Последние три символа были самыми заковыристыми и никак не хотели поддаваться непривычной к рисованию руке. Сдувая с бумаги катышки от ластика, Штольман вдруг почувствовал беспричинную радость. Почему-то вдруг стало хорошо на душе, словно откуда-то пахнуло свежестью или вкусным теплом, или домашний уютный свет потеснил привычную желтизну казенной лампочки. Он поднял голову и, застигнутый врасплох, откликнулся на сияние голубых глаз теплой белозубой улыбкой, которая так редко появлялась на обычно строгом лице.

Им не мешали. Небывало глубокий и прекрасный сон снизошел на Клашу, и реальность перестала ее волновать. Она свернулась в клубочек, не желая упускать ни минуты восхитительного видения, в котором были дивное платье и украшения, и умиленные слезы Коробейникова, и кремовый торт-дворец, и прекрасный принц в военной форме, не сводящий с нее глаз.

Штольман встал Анне навстречу, и она протянула ему руку для приветствия. Он склонился над ее запястьем и надолго прильнул к нему губами. У Анны неожиданно закружилась голова. Происходящее так же мало напоминало привычный короткий жест вежливости, как бабушкино колье – настоящий жемчуг. Непостижимым образом она чувствовала не только его прикосновение, но и волнение, почти мальчишеский задор и восторг. Вот его губы приоткрылись и снова сомкнулись, и вновь, и опять, и она не отстраняла его. Новообретенная дозволенность опьяняла, Анна смело положила ему на затылок свободную руку и запустила пальцы в его кудри, как ей давно хотелось. Он замер. Ей стало жарко. И вдруг громкий вздох, подобно порыву ветра, разметал их, как сухие листья, заставив отпрянуть друг от друга. Это Клаша, не просыпаясь, сказала «да» своему избраннику. Осознав, кто был источником звука, они смущенно рассмеялись, но все-таки приняли исключительно деловой вид. Анна скинула шубку и шапочку, Штольман разместил их на вешалке и придвинул стул:

- Присаживайтесь, Анна Викторовна. Хотите чаю?

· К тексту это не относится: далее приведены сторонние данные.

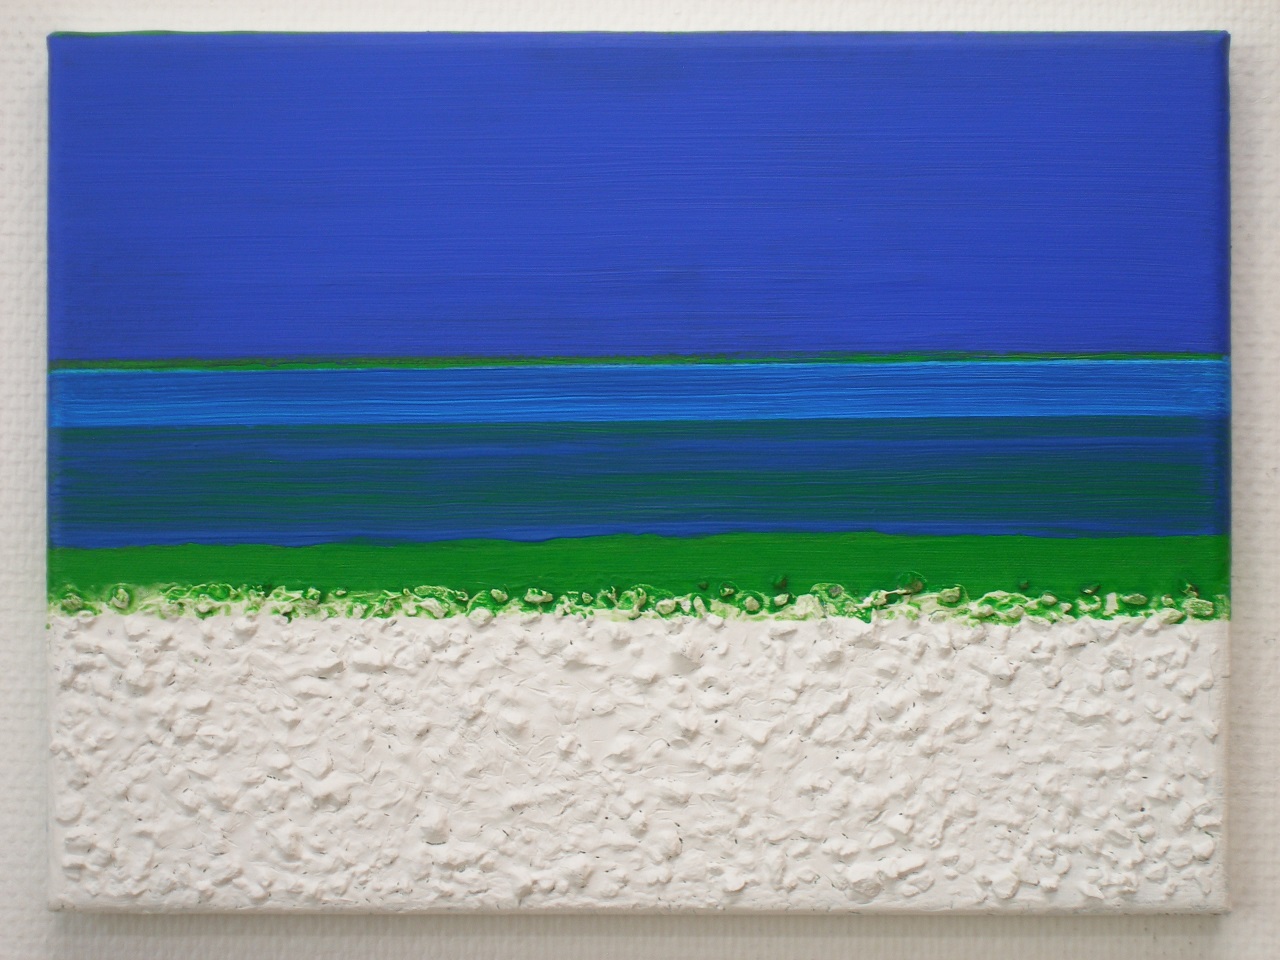 Blue moods I, acrylics - mixed media on canvas, 30x40cm

Анна подумала и согласилась. Штольман вышел распорядиться, а когда вернулся, увидел, что любопытство взяло свое – Анна пыталась расшифровать его записи, читая вверх ногами. Сжалившись, он вручил ей листок и спросил, что она об этом думает.

- Похоже на задачу по геометрии. Круг и квадрат, разделенные прямой… окружность, пересеченная квадратом… треугольники…

- Это я уже разгадал, - перебил ее Штольман, уязвленный ее невосприимчивостью к его художественным способностям. – Некто показывает нам, что Балдахина увел дрессировщик – лицо в цилиндре, что ключ к этой истории нужно искать в библиотеке – видите, книга? Ну и что дрессировщик – не главный преступник. Он подчиняется черному королю.

- Или королеве.

Штольман согласился.

- Но вот медведь, алебарда и шапка Мономаха?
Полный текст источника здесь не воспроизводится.